The Macro: The AI Agent Space Is Crowded and Most of It Is Vaporware
I am going to say something that might get me in trouble. Most AI agent products do not work. Not in the way they are marketed, at least. The demos look incredible. The landing pages promise autonomous workflows that handle complex business processes end to end. And then you sign up, connect your tools, and discover that the agent can do about three things reliably and hallucinates on everything else.
The hype around AI agents has been building for two years and the gap between promise and reality remains enormous. Adept raised $350 million to build an AI that uses software the way humans do. Inflection raised $1.3 billion for a personal AI assistant. Neither product has become a daily-use tool for the average knowledge worker. The smaller players, the Bardeen and Zapier AI and Make AI cohort, have bolted agent features onto existing automation platforms with mixed results.
The fundamental challenge is not intelligence. The models are smart enough. The challenge is reliability at the edges. An agent that correctly processes 95% of tasks sounds great until you realize that the 5% failure rate means one in twenty actions goes wrong. In business operations, one wrong action can create a cascade of problems. Send the wrong Slack message to the wrong channel. Update the wrong field in a CRM record. Pull the wrong data for a financial report. The cost of fixing agent errors can exceed the cost of doing the work manually.
So the market is large, the demand is real, and the existing solutions mostly disappoint. That is either an opportunity or a warning depending on whether the next product actually works.
The companies I would watch in this space are Relevance AI, which is building agent workflows for specific business functions, and Lindy AI, which takes a similar approach to Doe with multi-agent orchestration. Both are serious products with real traction. The question for any new entrant is what they do differently and why it matters.
The Micro: Forty Integrations, SOC 2, and a Price Point That Demands Results
Doe is an AI operations platform that deploys agents to handle repetitive business tasks. You connect your tools, describe what you want done, and the agents execute across your stack. The pitch is “Work 5.0,” which is a branding choice I will set aside. The substance is more interesting than the branding.
Adrian Barbir is CEO and Richard Ou is CTO. They are part of Y Combinator’s Summer 2025 batch, based in San Francisco. The company was founded in January 2024, which gives them about 18 months of development time before their current launch push. That is a meaningful runway for an agent product because agent reliability requires iteration time. You cannot ship a reliable agent system in three months.
The integration count is 40+, which puts Doe in the upper range of agent platforms at this stage. The specific tools matter more than the count, and I could not verify the full list from the website. But broad integration coverage is table stakes for an agent product because agents are only as useful as the systems they can access.
The compliance story is notable. SOC 2 Type II, HIPAA compliance, SSO, and SCIM support. For a startup this early, that is an unusually heavy investment in enterprise readiness. It signals that they are selling upmarket from day one. The $500 per user per month price point confirms this. They are not trying to be a $20 per month productivity tool. They are selling to teams where $500 per user is cheaper than the hours that user currently spends on manual operations work.
That math works if the agents actually save five or more hours per week. A knowledge worker at a mid-market company costs $60 to $100 per hour fully loaded. Five hours saved is $300 to $500 per week in labor value. At $500 per month, the product pays for itself in the first week if it delivers on the promise.
The dedicated tools, analytics, spreadsheets, and deep research, suggest that Doe is building proprietary capabilities alongside the integration layer. That is the right approach. Pure integration plays become commodity fast. Proprietary capabilities create moats.

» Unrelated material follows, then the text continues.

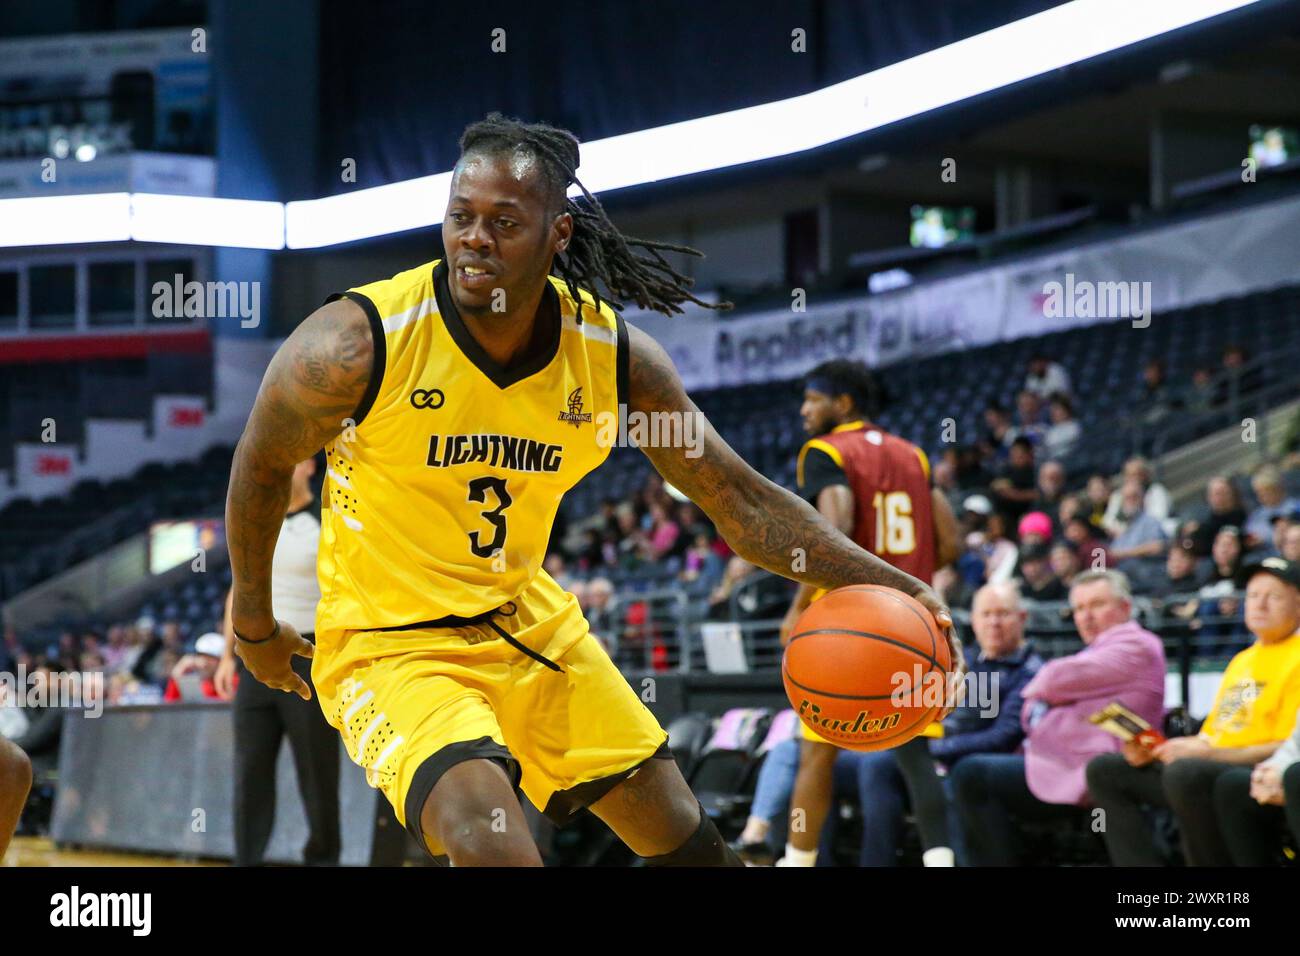 London, Canada. 1st Apr, 2024. The London Lightning lead the Newfoundland Rogues 60-56 at half time. Devon Baulkman (3) of the London Lightning during his first game as a lightning. Credit: Luke Durda/Alamy Live News Stock Photo

What I cannot evaluate from the outside is the failure rate. How often do the agents make mistakes? How are errors surfaced and corrected? What happens when an agent encounters an edge case it has never seen before? These are the questions that separate real agent products from demo-ware. The enterprise compliance story tells me the team understands that errors in a business context have consequences. Whether the product handles those consequences gracefully is the open question.
The Verdict
Doe is making a bet that the AI agent market is ready for a premium product that actually works. The pricing, the compliance infrastructure, and the integration breadth all point toward a team that is building for enterprise adoption rather than consumer experimentation.
I respect the price point. In a market full of free trials and $20 per month subscriptions, charging $500 per user forces a conversation about value. Either the product saves enough time to justify the cost or it does not. There is no middle ground at that price. The customer will know within a month whether they are getting their money’s worth.
In thirty days, I want to know the average number of tasks per user per day. If users are running ten or more agent tasks daily, the product is sticky. If usage drops after the first week, the agents are not reliable enough to trust with real work.
In sixty days, the question is expansion within accounts. The first user at a company is the experiment. The second, third, and fourth users are the validation. If companies are buying additional seats, the product works. If they are not, one person tried it and the team decided it was not worth the cost.
In ninety days, I want to see case studies with specific time savings. Not “our customers save hours every week” but “this specific customer automated these specific workflows and saved this many hours.” Specificity is the antidote to agent hype. Doe’s price point demands it.